# Incubators



## Tyty1389 (Mar 29, 2018)

What do you guys use for incubators? I am currently using a hovabator and I am not a fan. I have seen fridges converted into incubators. If anyone has successfully done this could you point me to some instructions on how to do this?


----------



## Yvonne G (Mar 30, 2018)

I like the Zoo Med Reptibator.


----------



## Tom (Mar 30, 2018)

Tyty1389 said:


> What do you guys use for incubators? I am currently using a hovabator and I am not a fan. I have seen fridges converted into incubators. If anyone has successfully done this could you point me to some instructions on how to do this?


How many eggs per year are you incubating and what species?

I used the Hovabators for years and I liked them. What is your complaint? They held steady temps and humidity for me if I taped over all the holes and kept water in those channels on the bottom. I hatched a lot of babies in them.
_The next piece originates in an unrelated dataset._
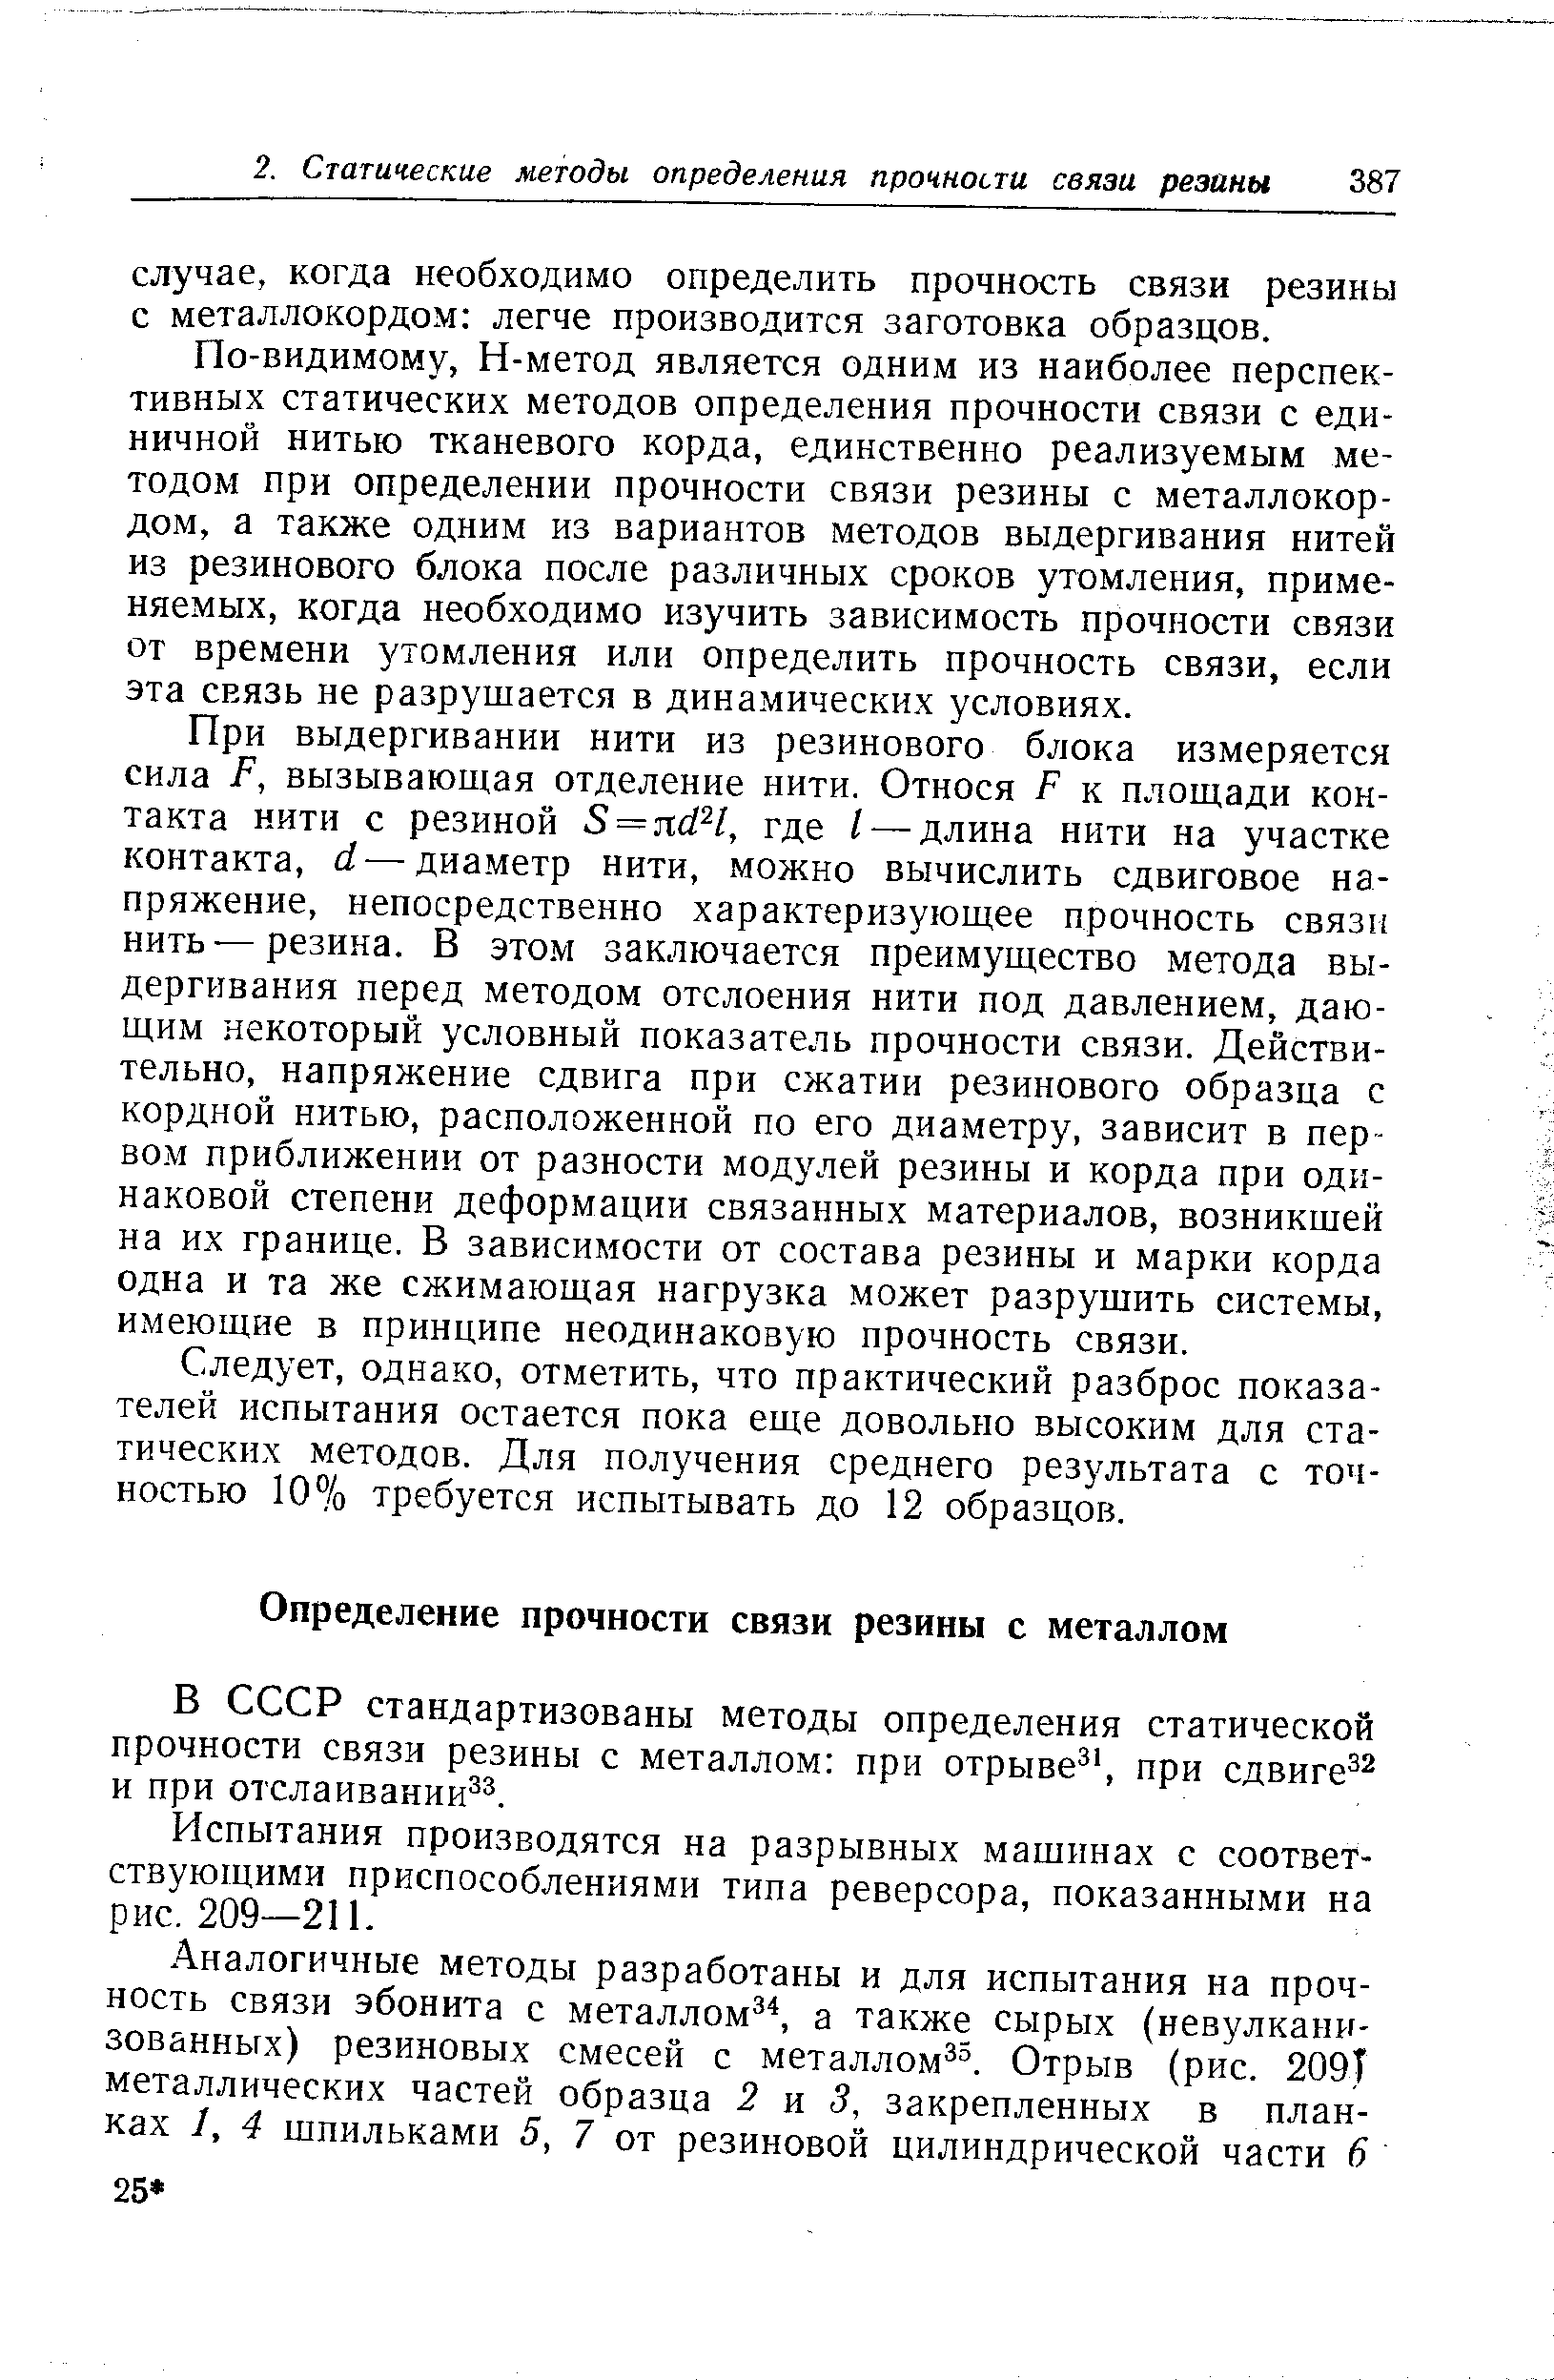 В СССР стандартизованы методы определения статической прочности связи резины с металлом при отрыве , при сдвиге и при отслаивании .

I've only built one large incubator out of a stand up fridge, but its working great so far. Here is what I learned and what is working for me:

Many people recommend heat tape to warm them, but since I have no experience working with heat tape and no one who does to teach me, I opted to go with radiant heat panels, which I have a lot of experience using. I put one on top and one on bottom.
Because I didn't want any "hot spots" I opted to put a computer fan blowing across the face of each panel and creating a circular air current in the incubator. These fans are adjustable and I run them on a low speed.
I initially tried to run one of those regular $30 on/off type thermostats, but it allowed unacceptable 15-20 degree temp swings. I had to use a digital proportional thermostat. On the recommendation of a friend, I called the owner of Helix and talked with him about what I was doing and how to do it. Bought their DBS 1000 model and it works perfectly. I highly recommend him and them now. The only temp fluctuation is when I open the door. Doesn't matter if the room is 55 in winter or 85 in summer, my incubator never fluctuates from its setting.
I needed open topped tubs of water inside to generate enough humidity.
Here is what it looks like:


----------



## NorCal tortoise guy (Mar 30, 2018)

I have a Pepsi fridge like you see in a gas station with the glass door. I use heat tape for heat it's fairly easy to wire up. I also use the helix DBS 1000 and highly recamand it. I don't have a fan at this time but have been thinking I need to add one


----------



## Cheryl Hills (Mar 30, 2018)

I am in the process of building one out of a wine cooler. I have the ink bird 106 rh thermostat and heat tape. I also have a fan wired in. So far the fan works but as soon as the heat is plugged in, it will not heat.


----------



## Kapidolo Farms (Mar 30, 2018)

I just bought this

http://incubatorwarehouse.com/incukit-xl.html

I opted for the proportional thermostat and two heat units. The heat unit comes with an integrated fan. I'll mount one near the bottom over a tray of water and one at the top. The probe (temp sensor) will be at the level of the second shelf down from the top. I also got a 'muffin' fan to pulse on for a few minutes every hour to keep the air mixed.

My work place was trading out commercial refrigerators, 25 cubic foot each, so I grabbed a few. One I was able to fix for a $68 dollar thermostat, and another for an incubator. I third one for later on for a different set point for incubation.

When I get the stuff from Incubator warehouse installed I'll add some images to my blog here under personal promotion called 'Live Naked People'.

I think the heat.thermostat would work well for night houses as well, we'll see about that much later on.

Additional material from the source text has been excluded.